◆ **Raw data**:

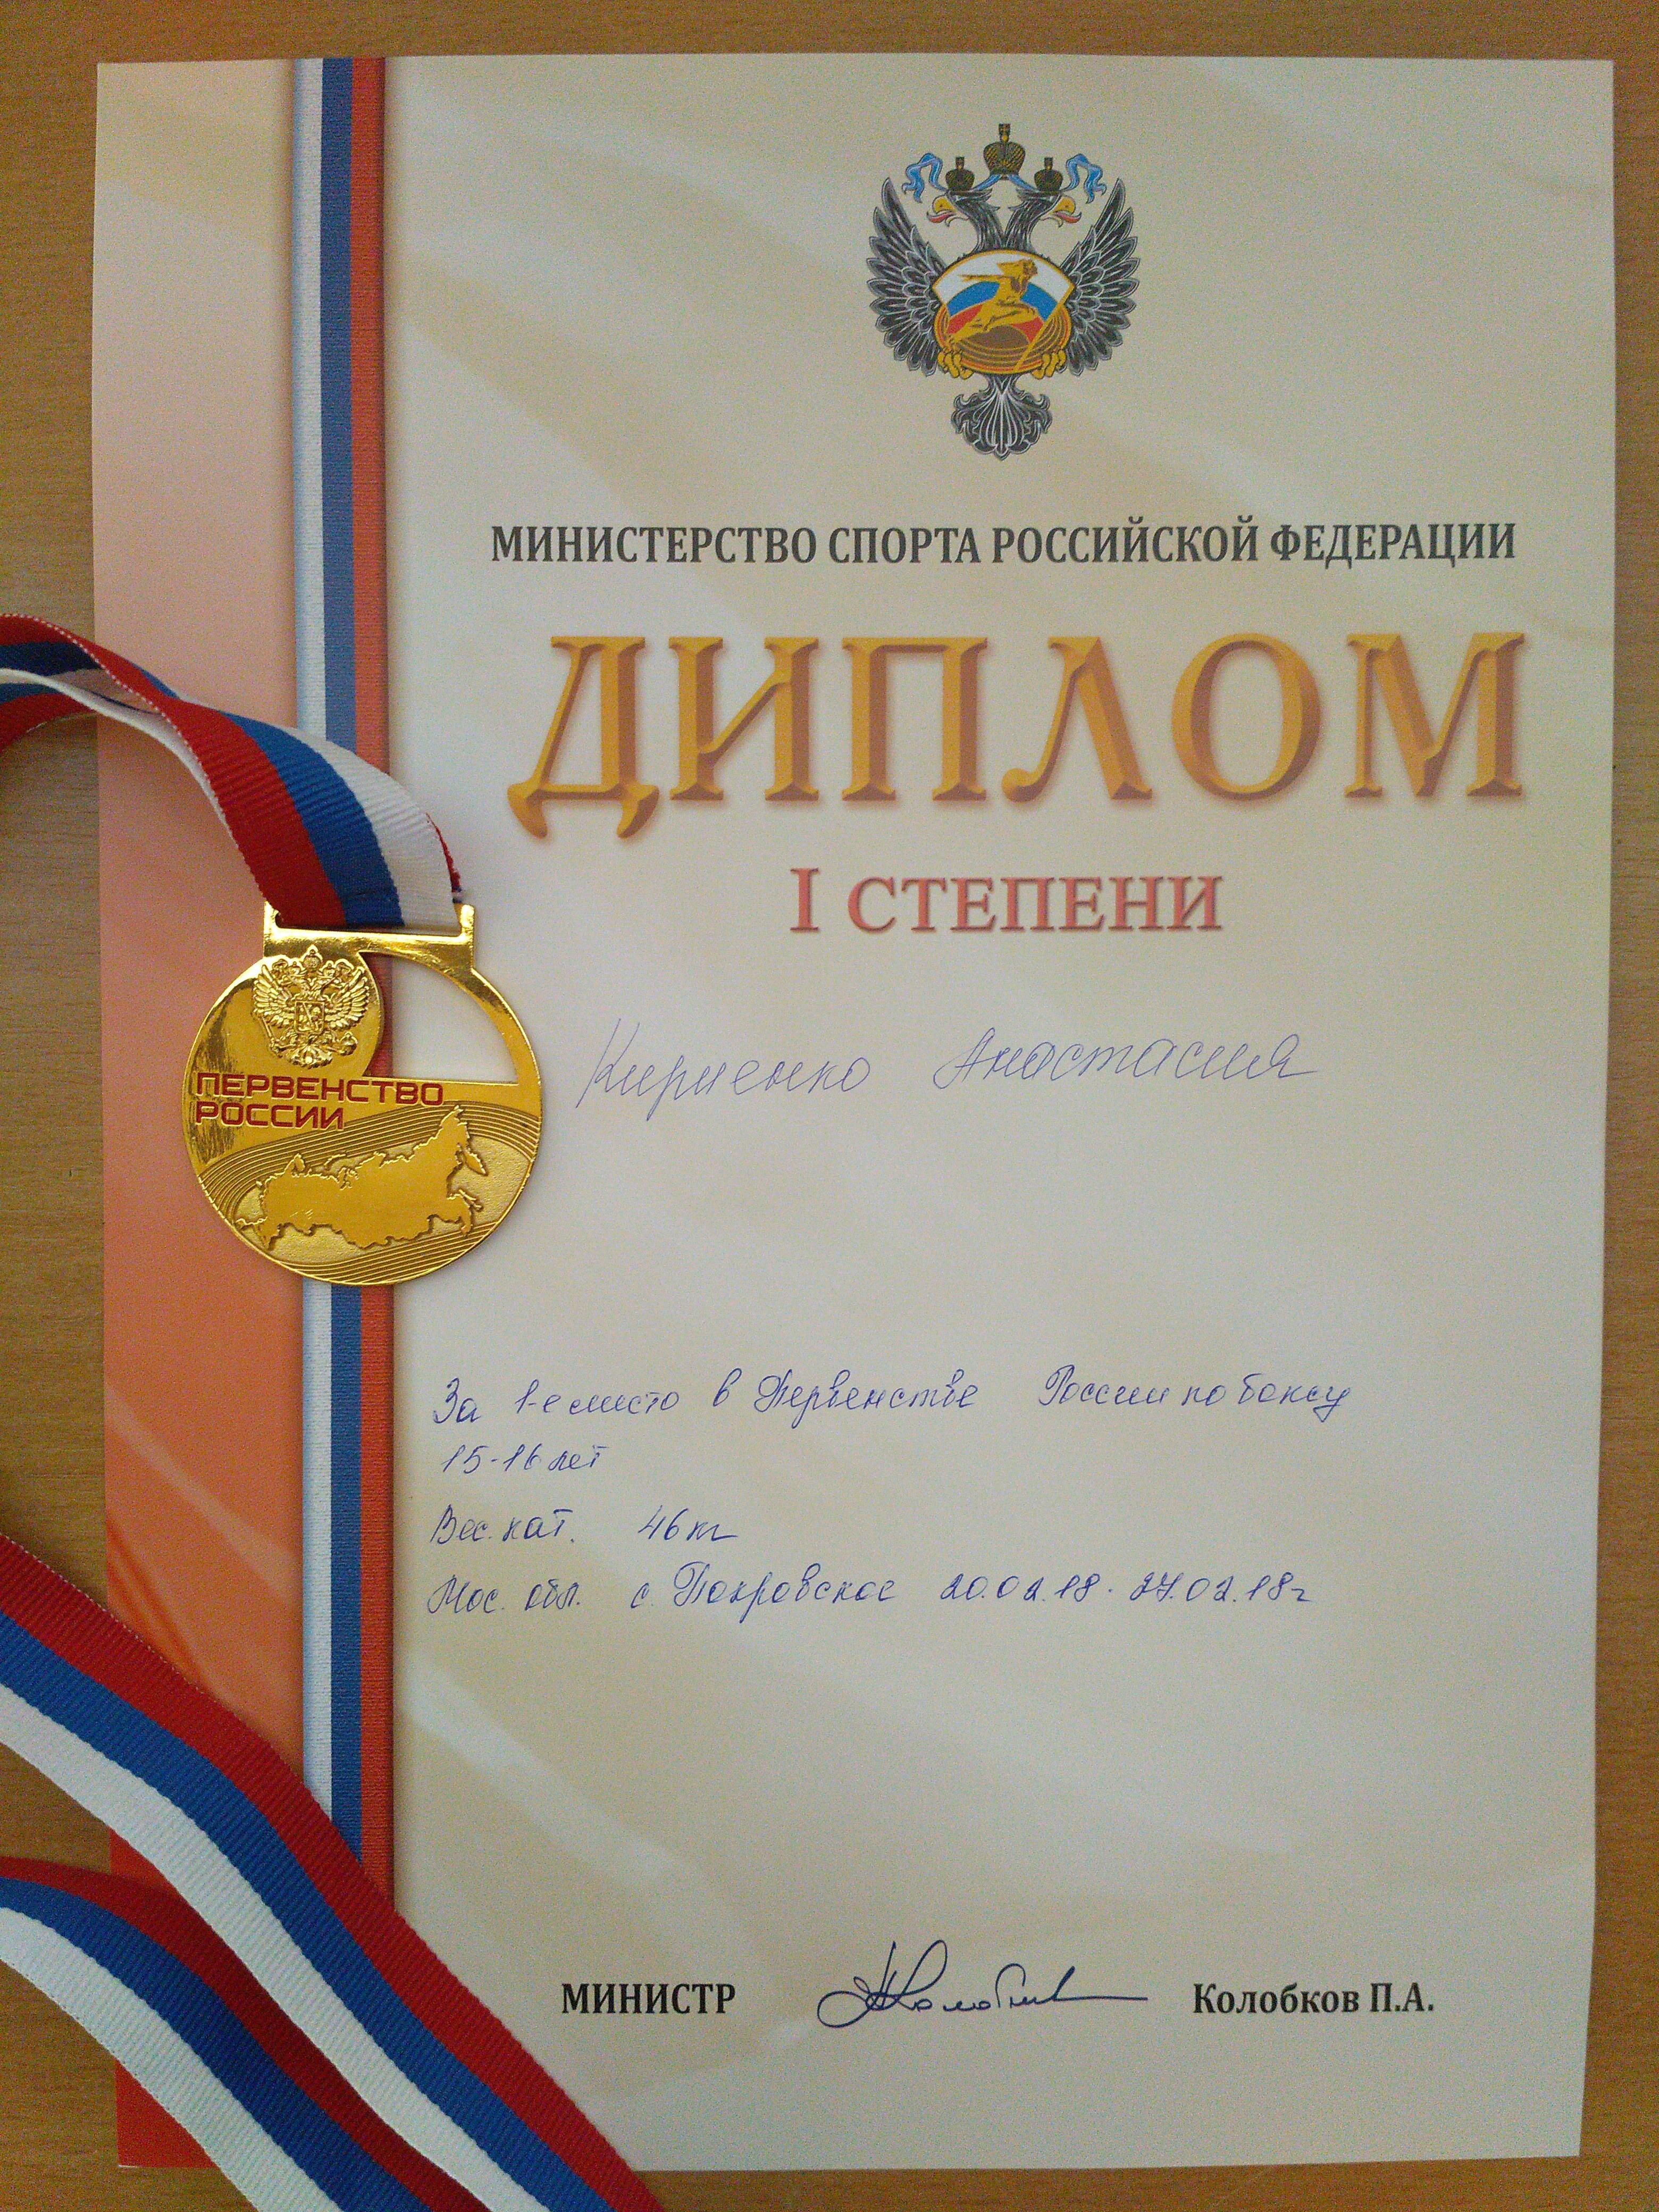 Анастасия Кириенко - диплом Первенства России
==
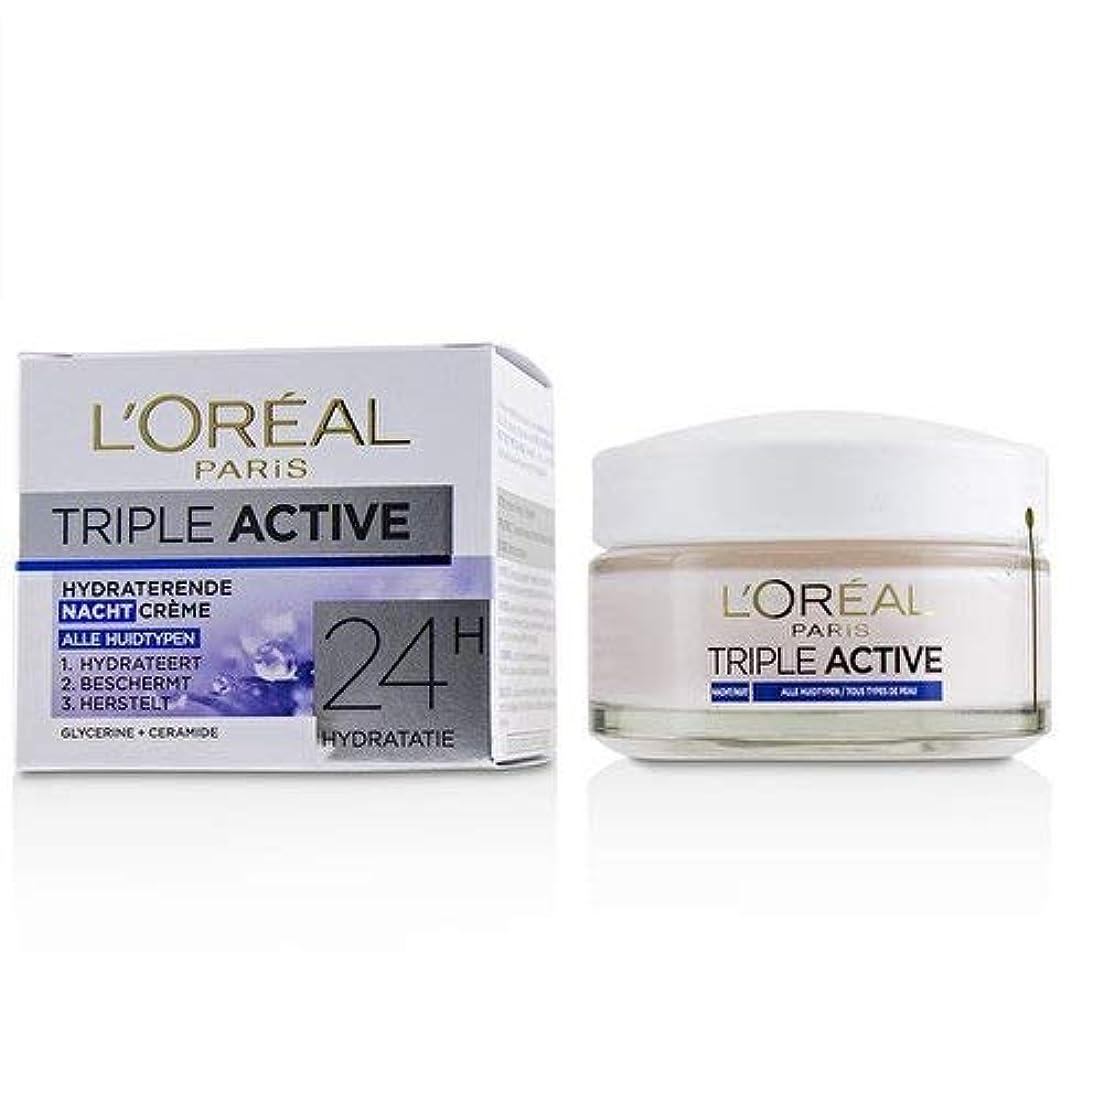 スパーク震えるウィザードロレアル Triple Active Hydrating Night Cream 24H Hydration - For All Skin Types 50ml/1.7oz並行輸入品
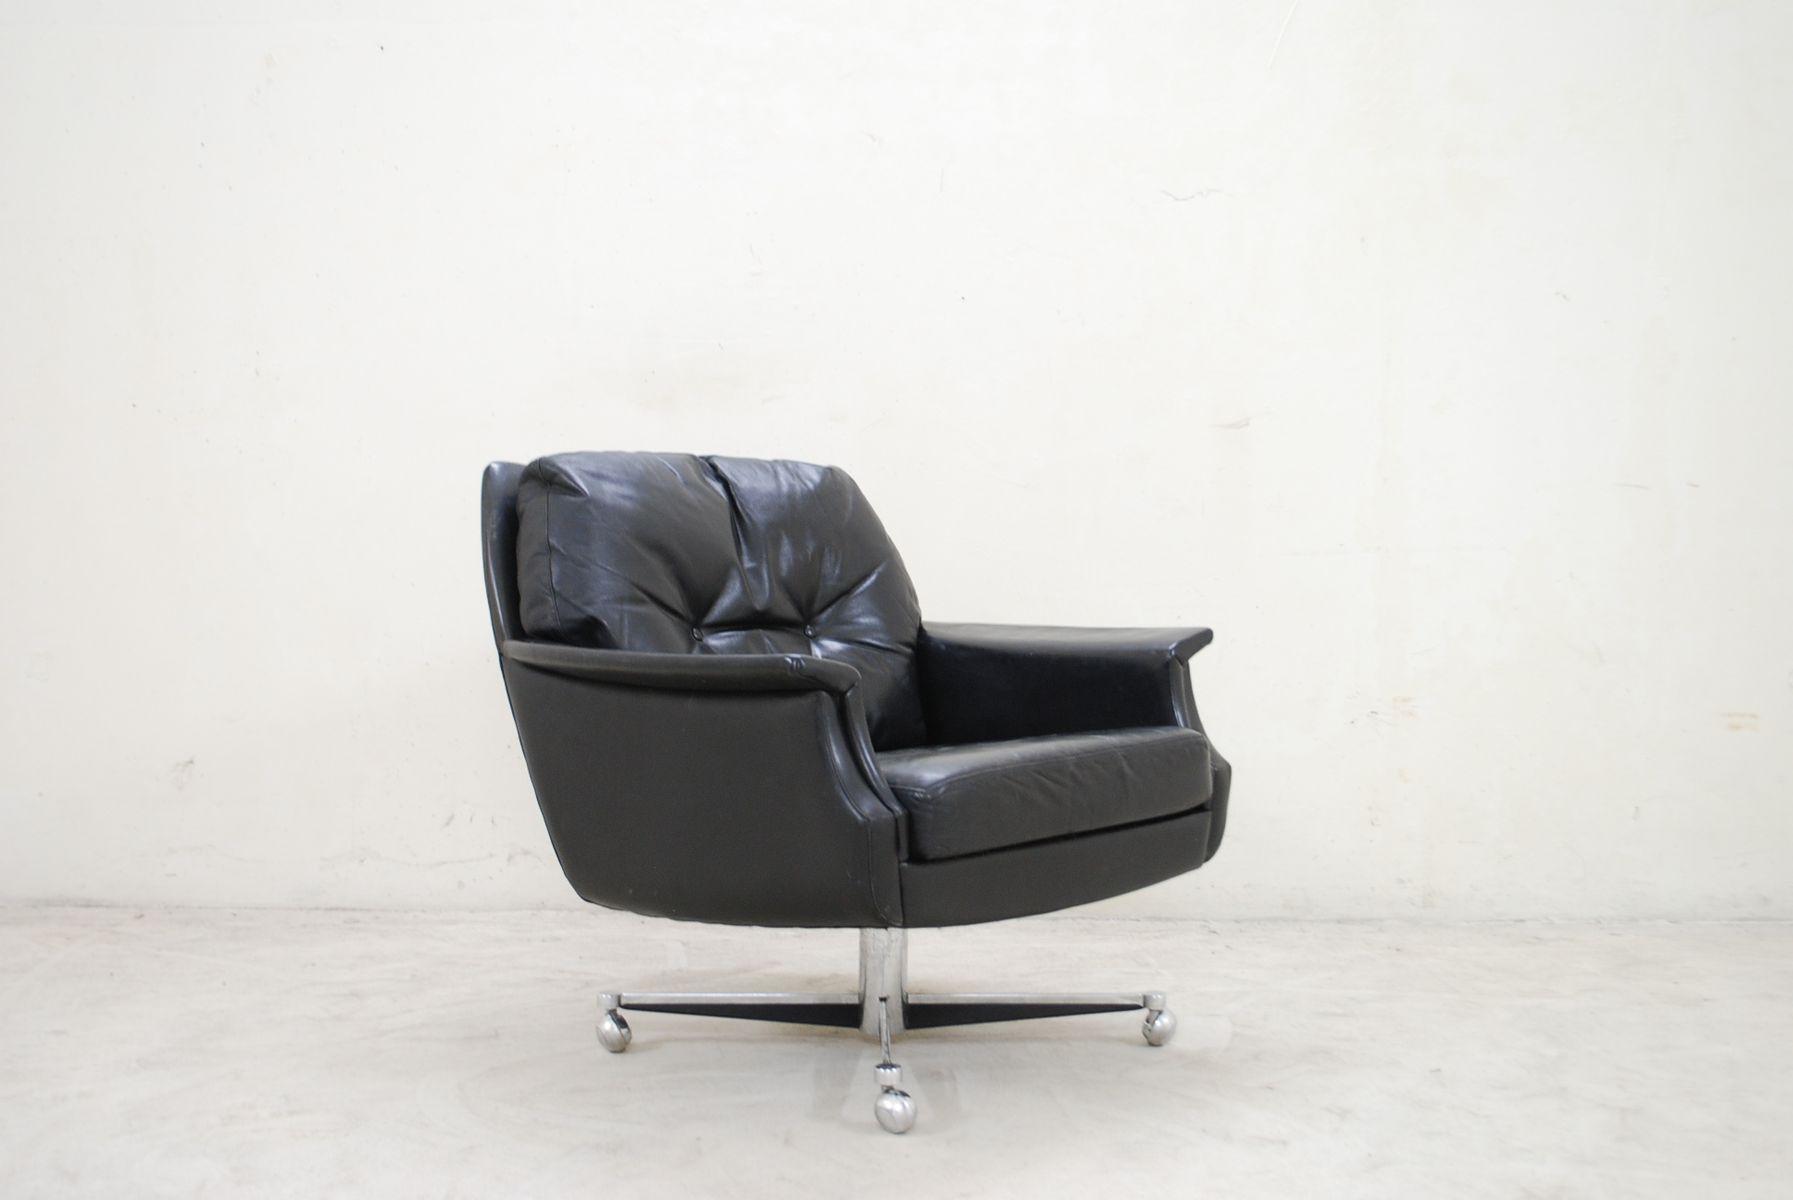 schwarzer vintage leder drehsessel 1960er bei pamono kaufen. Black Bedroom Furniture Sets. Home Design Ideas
==
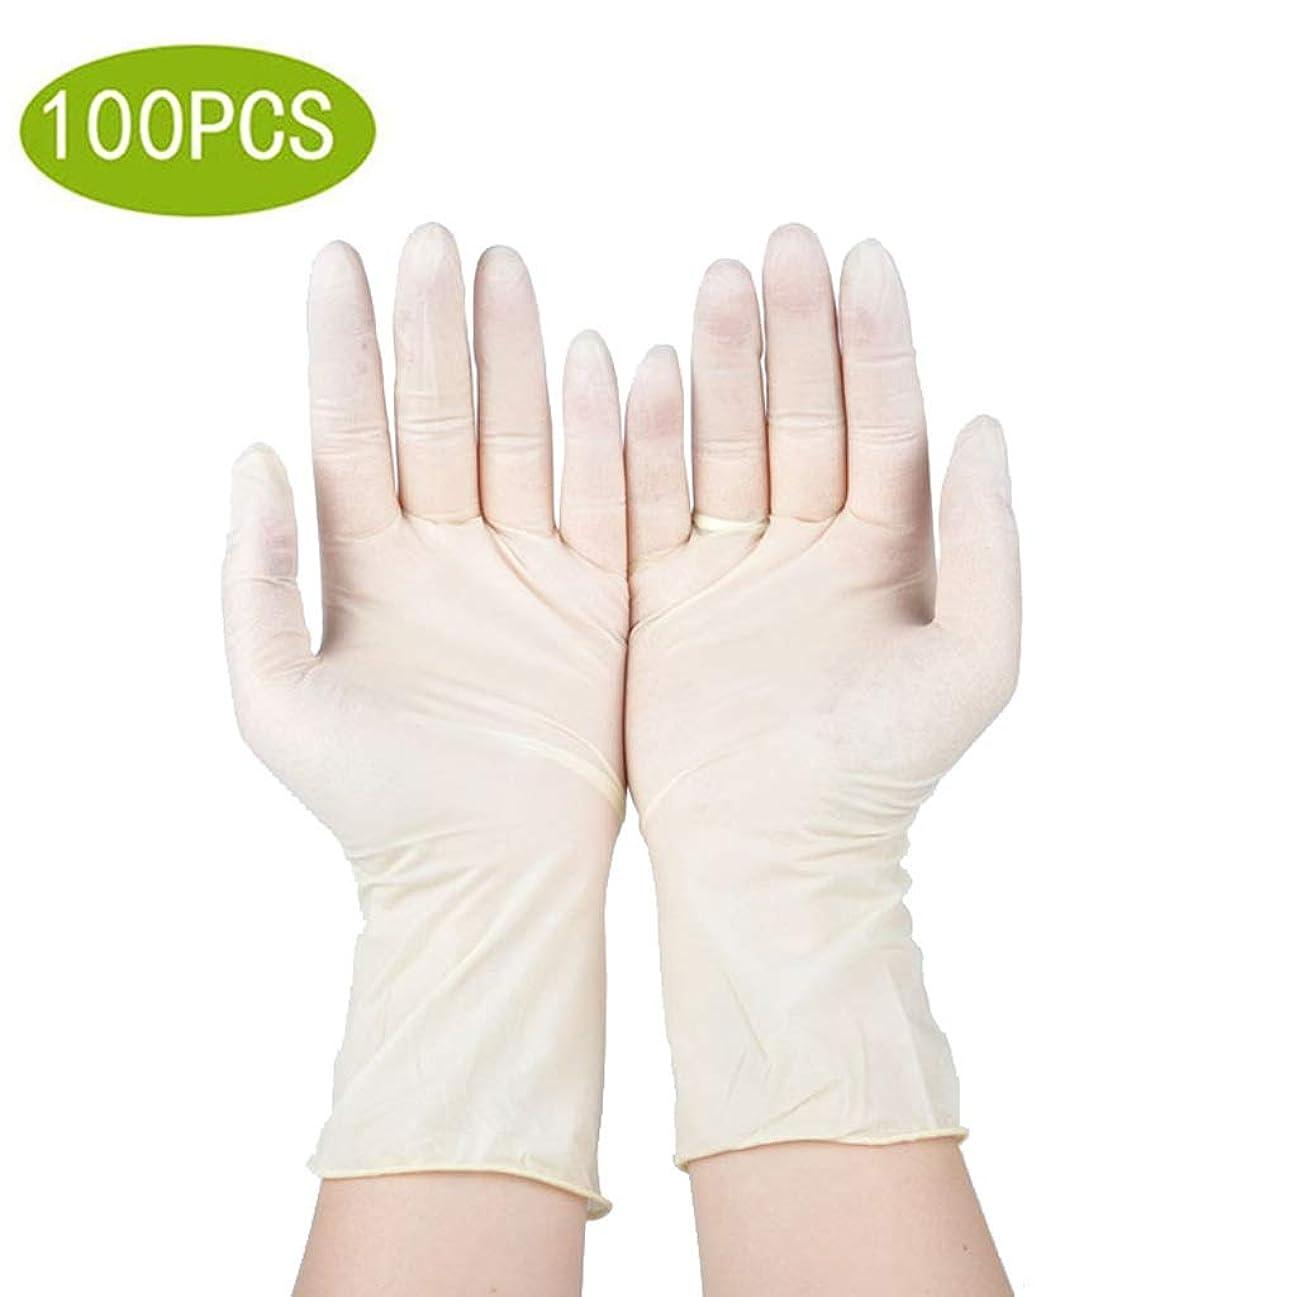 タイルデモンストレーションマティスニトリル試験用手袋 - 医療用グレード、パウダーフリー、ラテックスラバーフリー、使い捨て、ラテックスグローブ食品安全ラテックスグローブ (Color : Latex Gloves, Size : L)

◆ **Task directions**: Would you please repeat only the lines above, beginning at the one that has "スパーク震えるウィザードロレアル Triple Active" and stopping after the one that has "schwarzer vintage leder", exactly and with no pictures?

◆ **Solved exercise**:
 スパーク震えるウィザードロレアル Triple Active Hydrating Night Cream 24H Hydration - For All Skin Types 50ml/1.7oz並行輸入品
 schwarzer vintage leder drehsessel 1960er bei pamono kaufen. Black Bedroom Furniture Sets. Home Design Ideas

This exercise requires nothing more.